- **Task goal**:
Give back the whole listing exactly as written, pictures excluded.

- **Source material**:

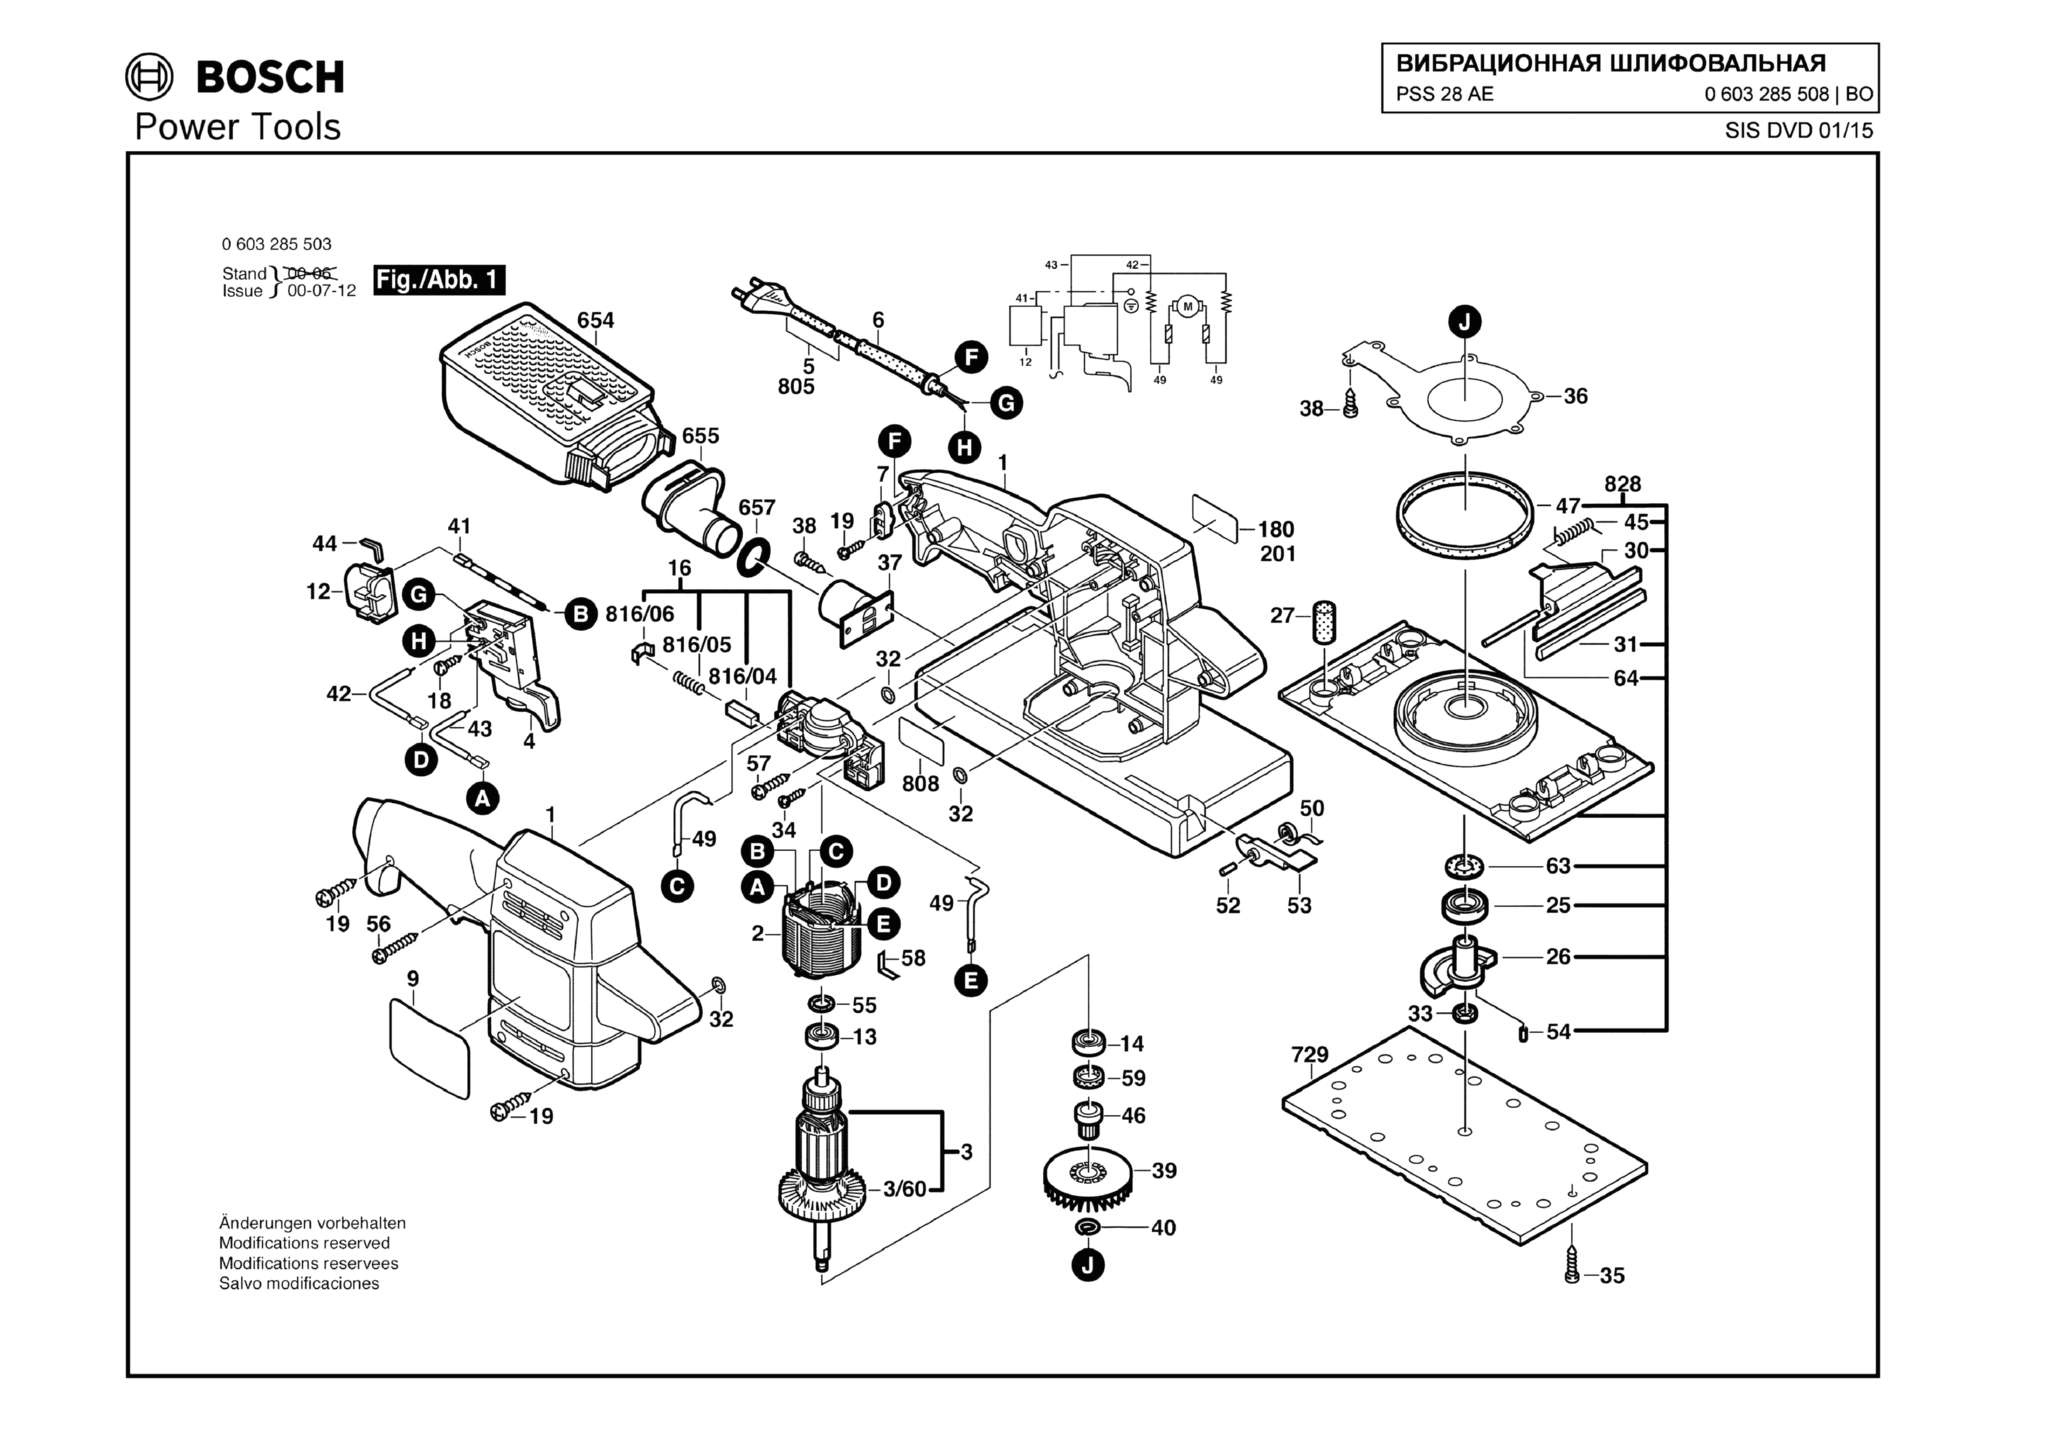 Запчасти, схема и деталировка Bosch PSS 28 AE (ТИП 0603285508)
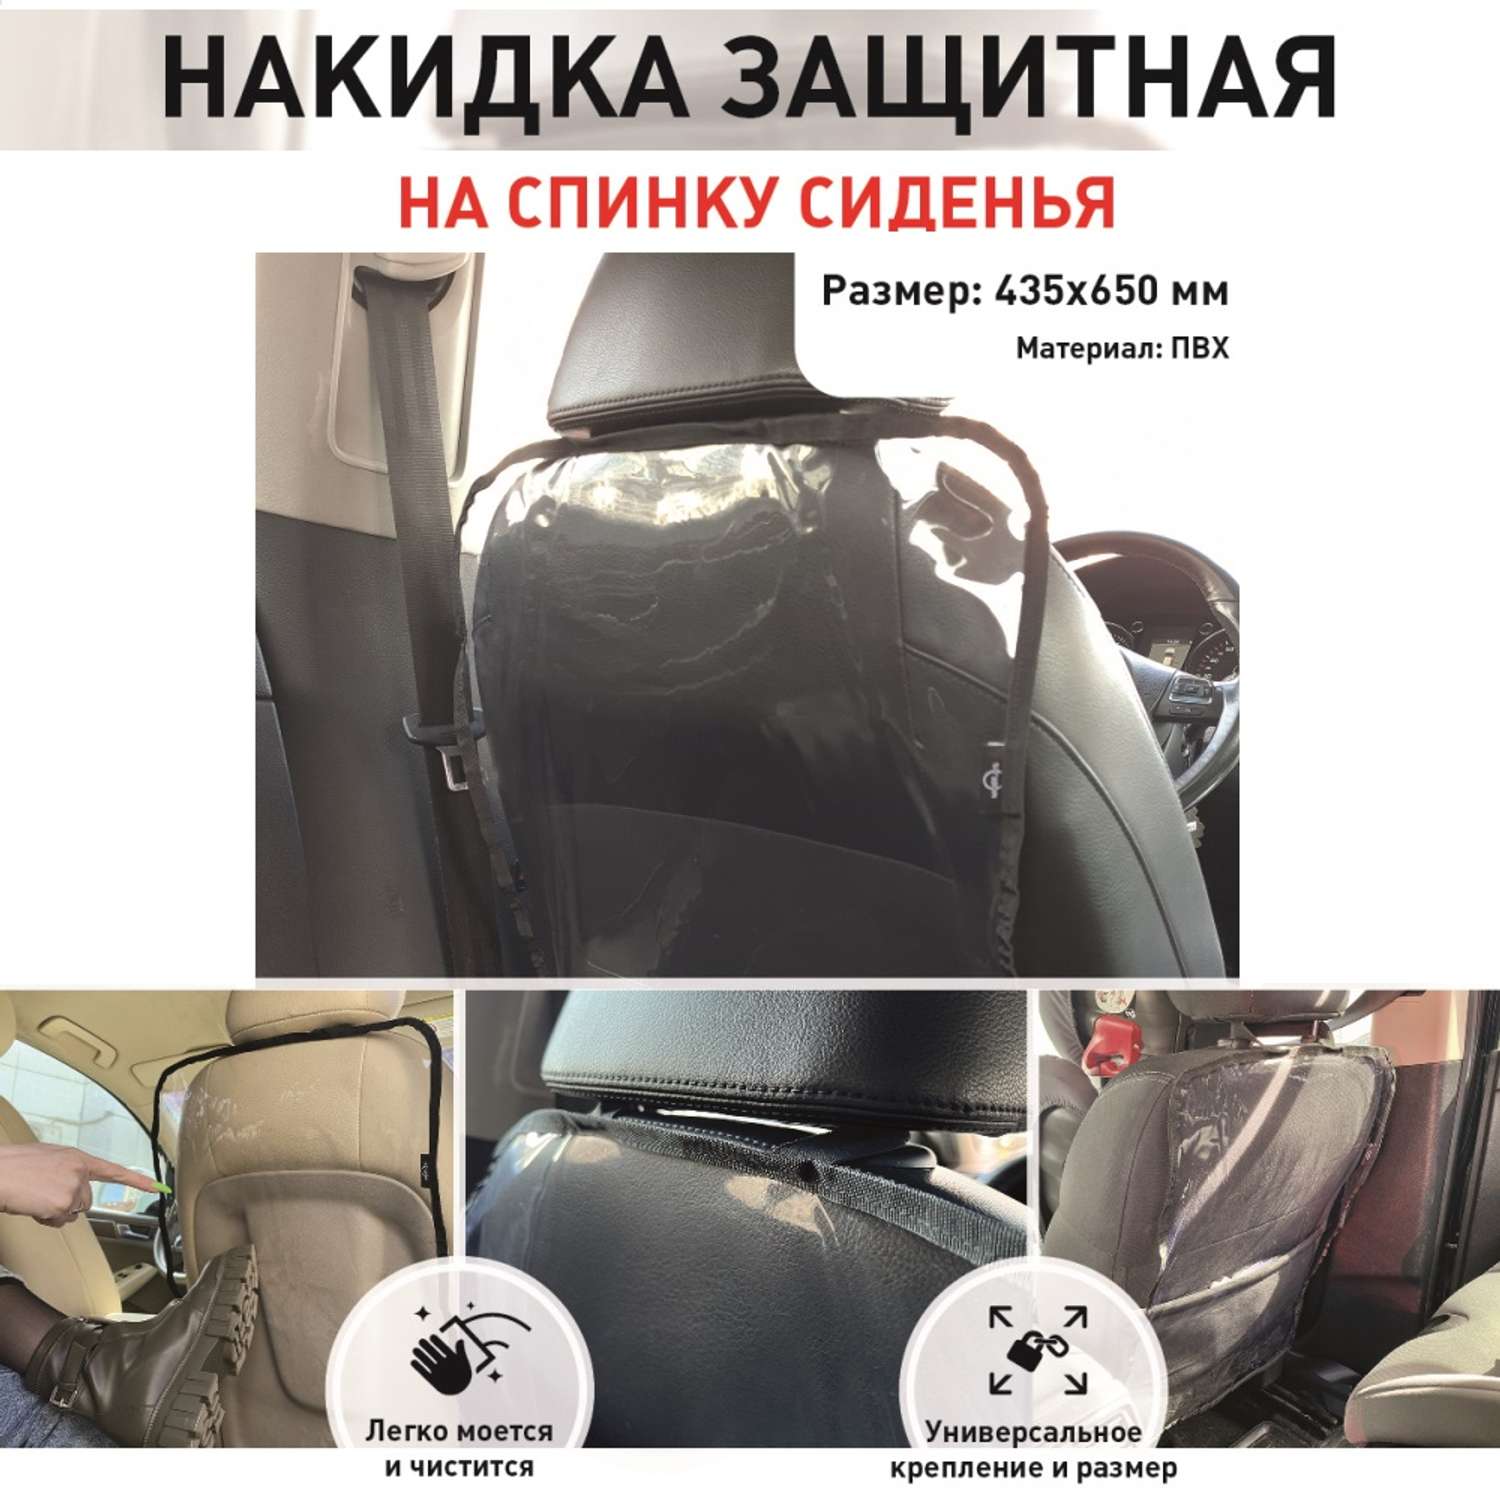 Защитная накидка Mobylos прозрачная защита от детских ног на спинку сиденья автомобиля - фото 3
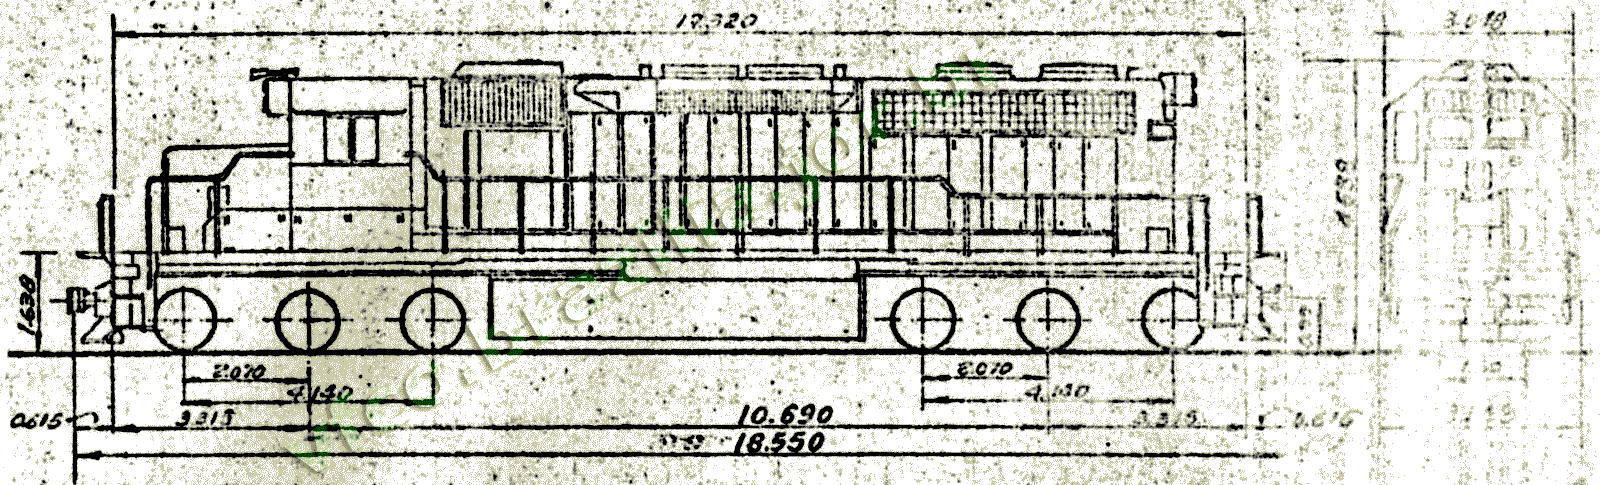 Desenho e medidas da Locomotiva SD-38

- **Result for this task**:
 Запчасти, схема и деталировка Bosch PSS 28 AE (ТИП 0603285508)
 Защитная накидка Mobylos прозрачная защита от детских ног на спинку сиденья автомобиля - фото 3
 Desenho e medidas da Locomotiva SD-38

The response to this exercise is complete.